*YOUR OBJECTIVE*:
Reproduce word for word the line holding "Skifahren in Wagrain, traumhafte" and all lines after it in the data, through the end, leaving out pictures.

*DATASET EXTRACT*:
• • • •
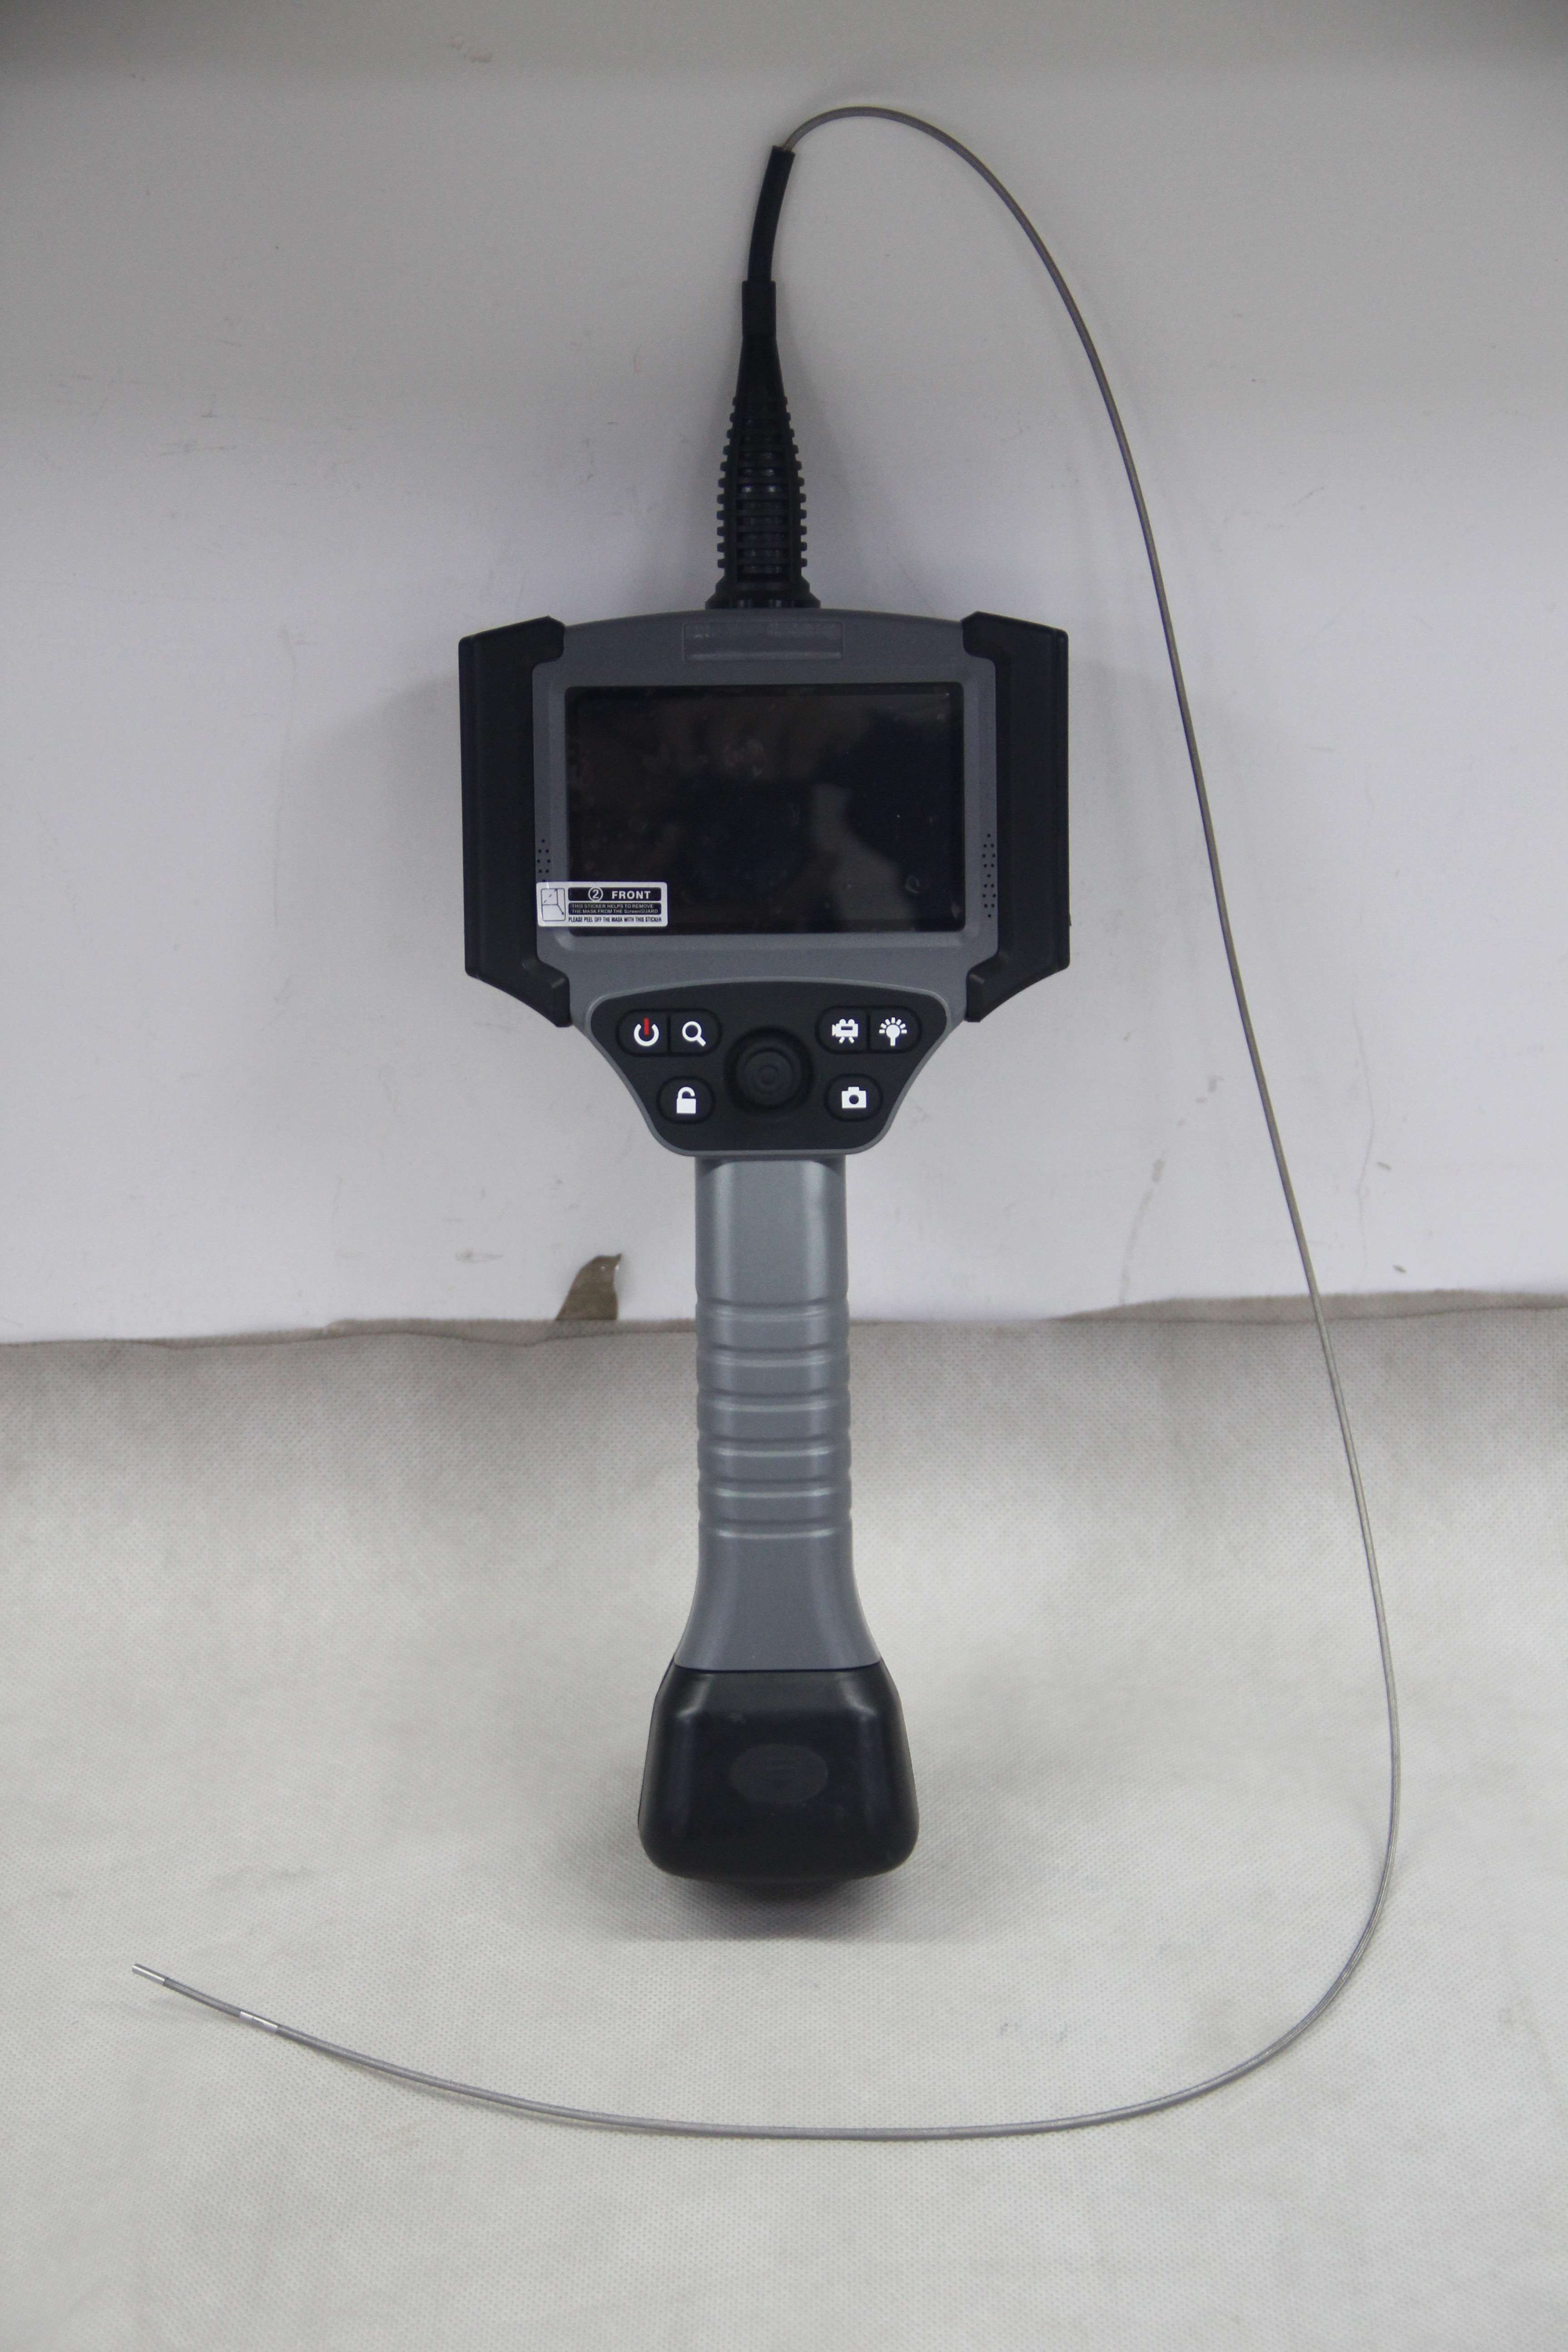 Heat exchanger industrial video borescope
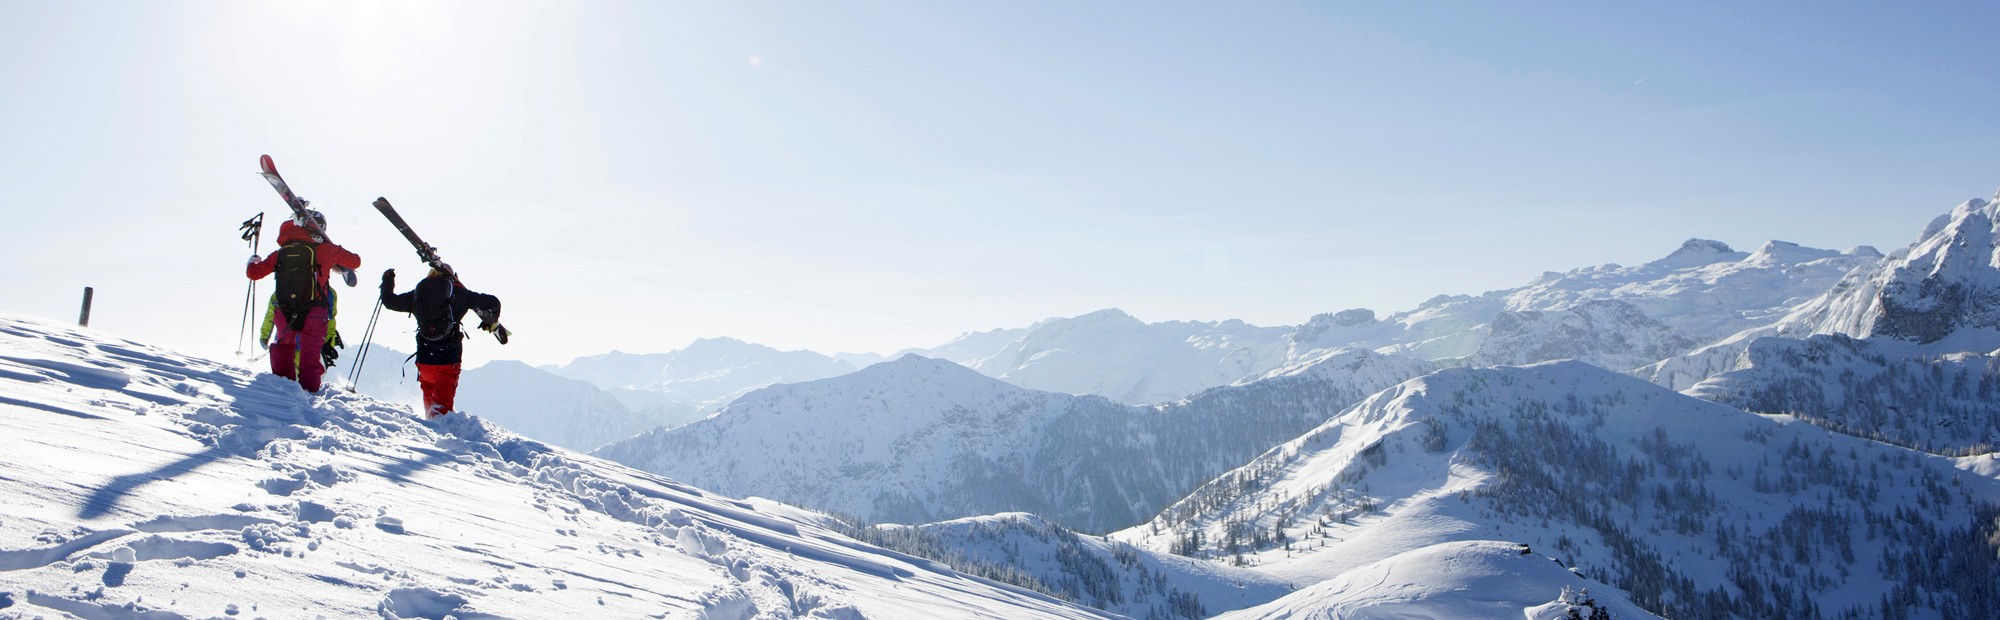 Skifahren in Wagrain, traumhafte Aussicht auf die Salzburger Bergwelt © TVB Wagrain Kleinarl
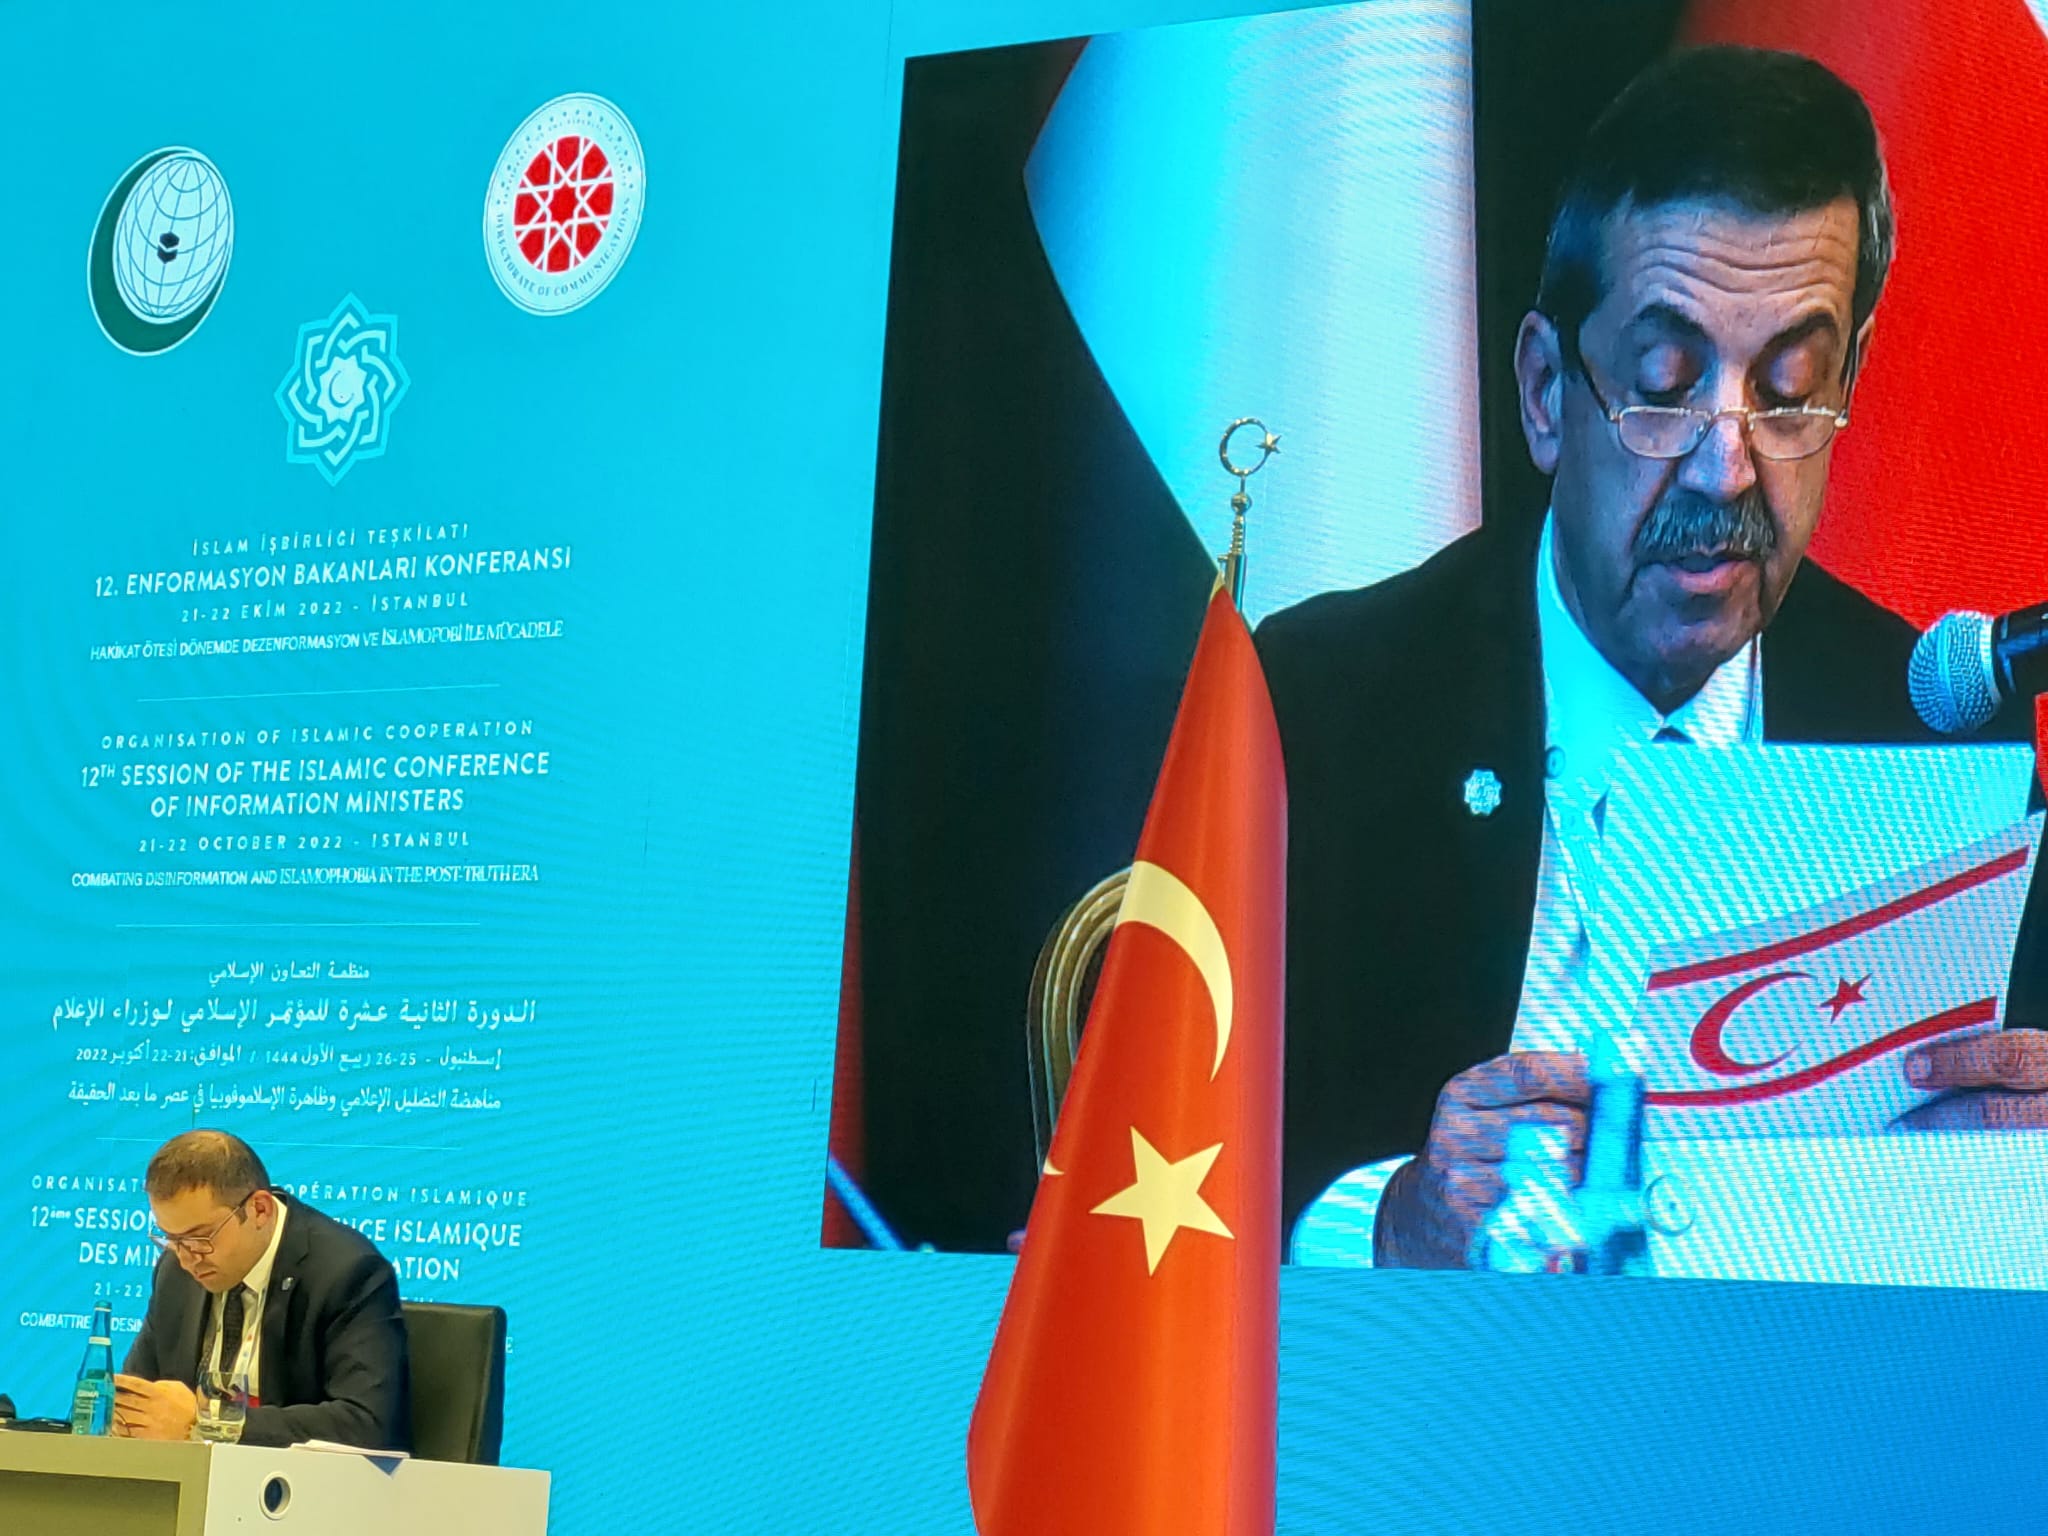 Ertuğruloğlu, İstanbul'da İİT 12. Enformasyon Bakanları Konferansı'na Katıldı
• • • •
*EXERCISE RESULT*:
 Skifahren in Wagrain, traumhafte Aussicht auf die Salzburger Bergwelt © TVB Wagrain Kleinarl
 Ertuğruloğlu, İstanbul'da İİT 12. Enformasyon Bakanları Konferansı'na Katıldı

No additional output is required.